En la historia de América Latina hay demasiadas historias de padres políticos que han devorado a sus hijos. De hijos que han traicionado a sus mentores. De hijos de sangre que deciden cambiarse el apellido para alejarse de los horrores que cometieron sus progenitores. En esa complejidad se juegan misterios insondables.

Hay un caso impresionante en nuestro continente, porque sus ramificaciones están cargadas de referencias que lanzan su sombra hasta el día de hoy. Me refiero a la saga de Leopoldo Lugones (1874/1938), quien fuera escritor, historiador, pedagogo, teósofo, diplomático y político argentino. De formación católica estricta, se convirtió en masón. A pesar de que los años los condujeron hacia la reverencia de un nacionalismo autoritario, nunca fue un antisemita.

Autor de una poesía cercana al simbolismo francés, y de cuentos donde trabaja la literatura fantástica, Lugones en política fue un socialista, un liberal, un conservador y un fascista. En ese espectro, se convierte a finales de los años veinte en un propagandista férreo del golpe militar de José Félix Uriburu contra Hipólito Irigoyen.

Escribió un texto que pasó a la historia. “Ha sonado otra vez, para bien del mundo, la hora de la espada… Pacifismo, colectivismo, democracia, son sinónimos de la misma vacante que el destino ofrece al jefe predestinado, es decir, al hombre que manda por su derecho de mejor, con o sin ley, porque esta, como expresión de potencia, confúndese con su voluntad”.

Estableció que: “El ejército es la última aristocracia, vale decir la última posibilidad de organización jerárquica que nos resta entre la disolución demagógica”.

La historia de Leopoldo Lugones podría haber sido única. Pero hay sombra. Después se decepcionó de los militares y en 1938 se suicidó con un trago de whisky y arsénico en el delta del río de la Plata, conocido como El Tigre.

Lo curioso es que tuvo un hijo, Polo Lugones, que fue pederasta y sádico, entró a trabajar en el gobierno de Uriburu como policía, y desempolvó viejos métodos de tortura olvidados desde 1913. Inventó nuevos, como la picana.

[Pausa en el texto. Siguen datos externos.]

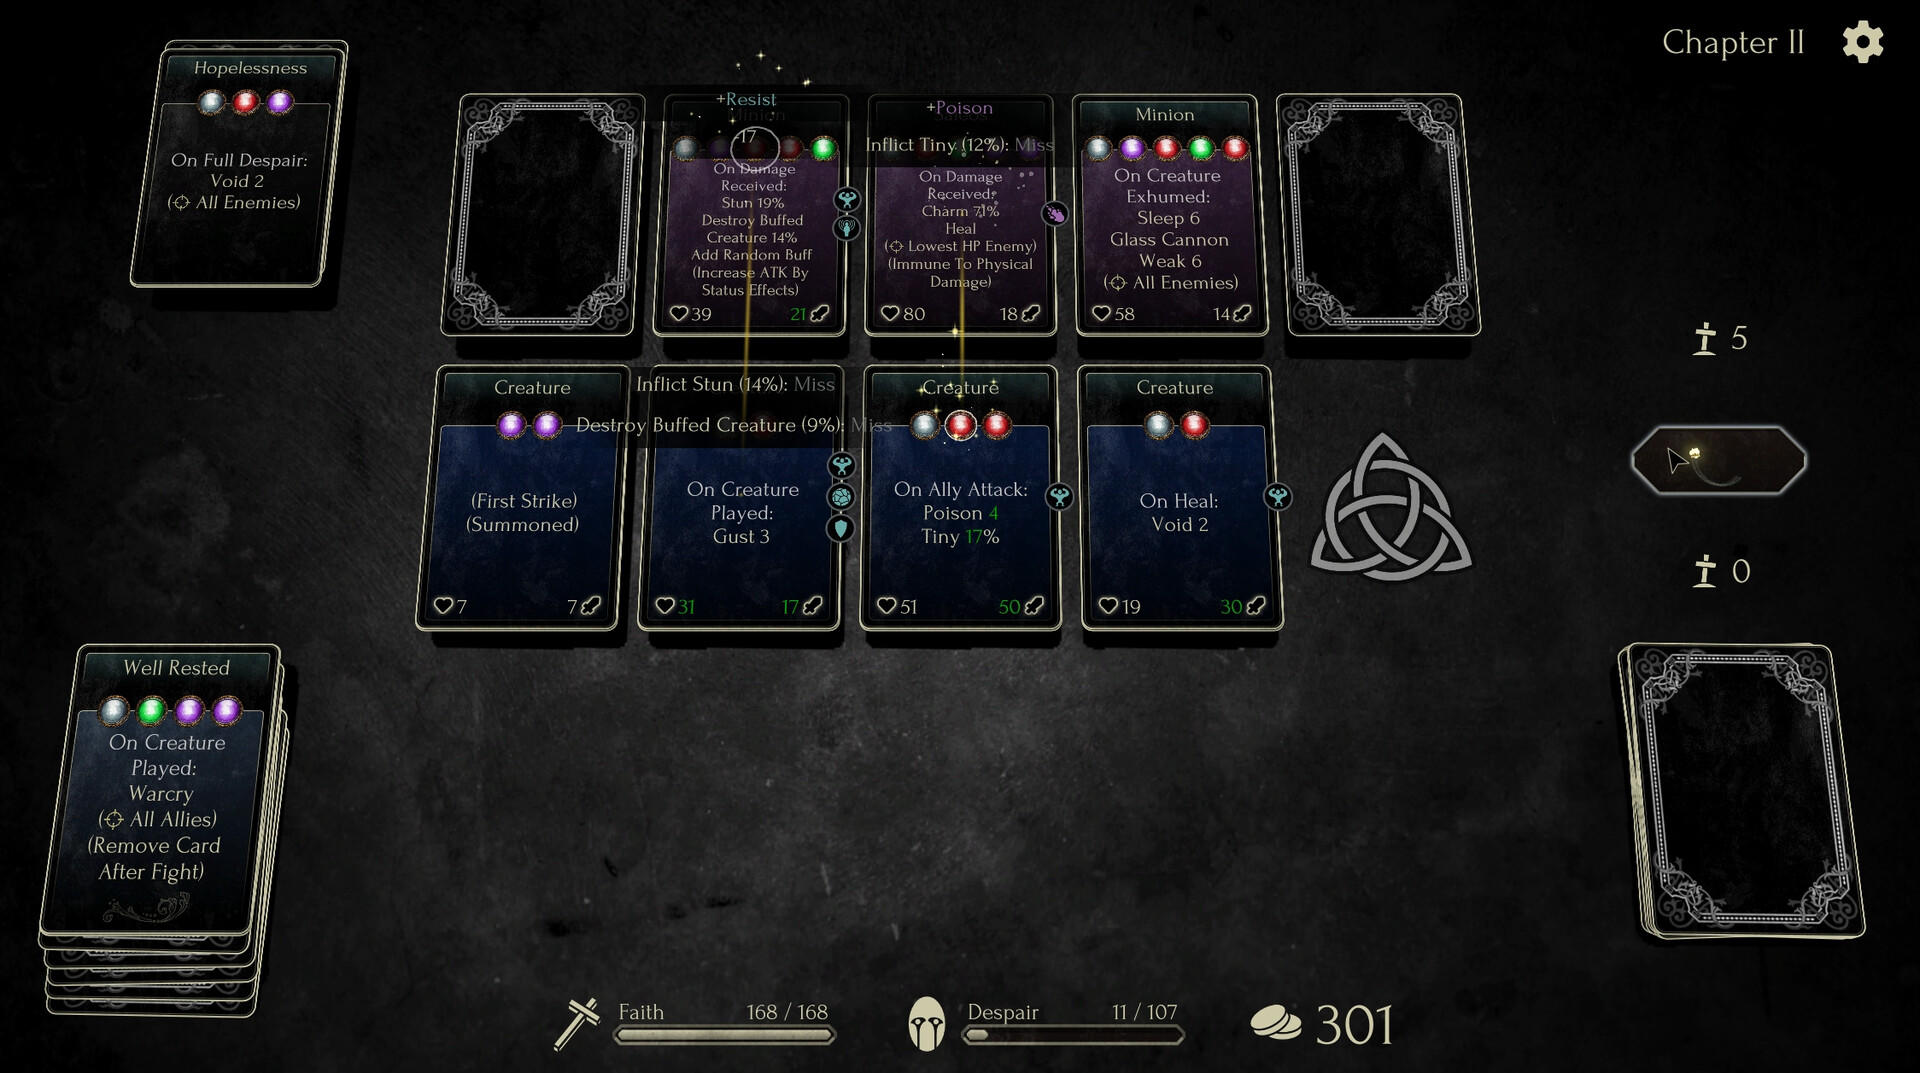 Faith in Despair screenshot game
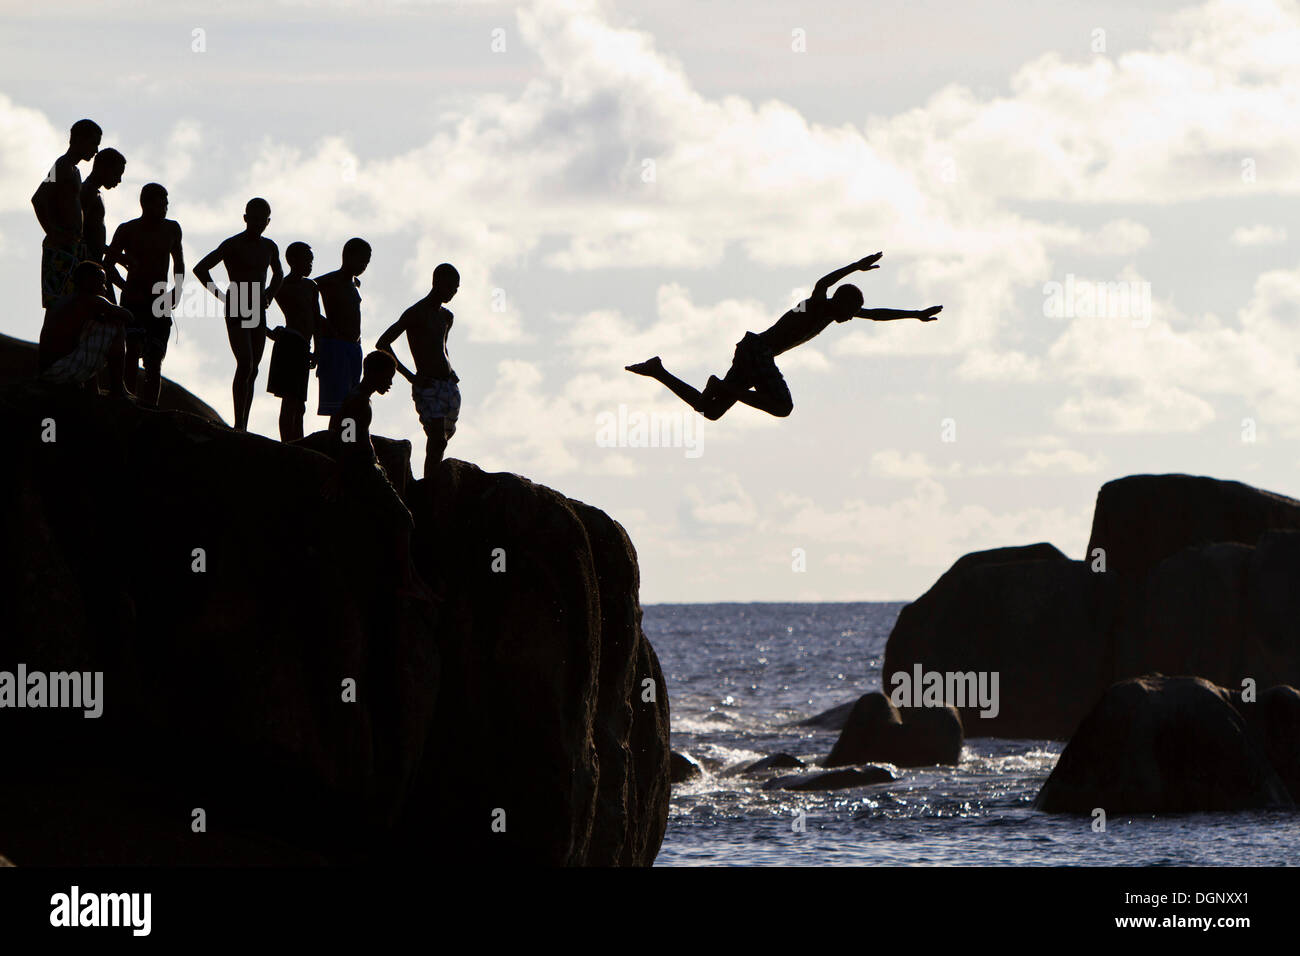 Les adolescents créole sautant de rochers, silhouettes, Mahé, Seychelles, Afrique, Océan Indien Banque D'Images

Como su padre, se suicidó en 1971.

Una de sus hijas, Susana Piri Lugones, a los 50 años ingresó en Montoneros, brazo armado peronista. En 1978 la detuvieron y la torturaron con los métodos de su padre y con la ideología de su abuelo. Aunque tenía un defecto en una pierna, le sobraba buen humor. Se dice que mientras la torturaban, los desafiaba. “No son capaces de torturar como mi padre”. El salvajismo también tiene su estirpe.

Uno puede pensar que el azar y la mala suerte se ensañan a veces con ciertas historias individuales. Pudiera ser. Otra mirada podría referir cierta sabiduría arquetipal: las jerarquías de los dioses influyen en el presente continuo. No nos liberamos fácilmente de lo que hicieron nuestros padres. Mejor aún: estamos condenados a repetirlos o a redimirlos. Lo saben los dioses.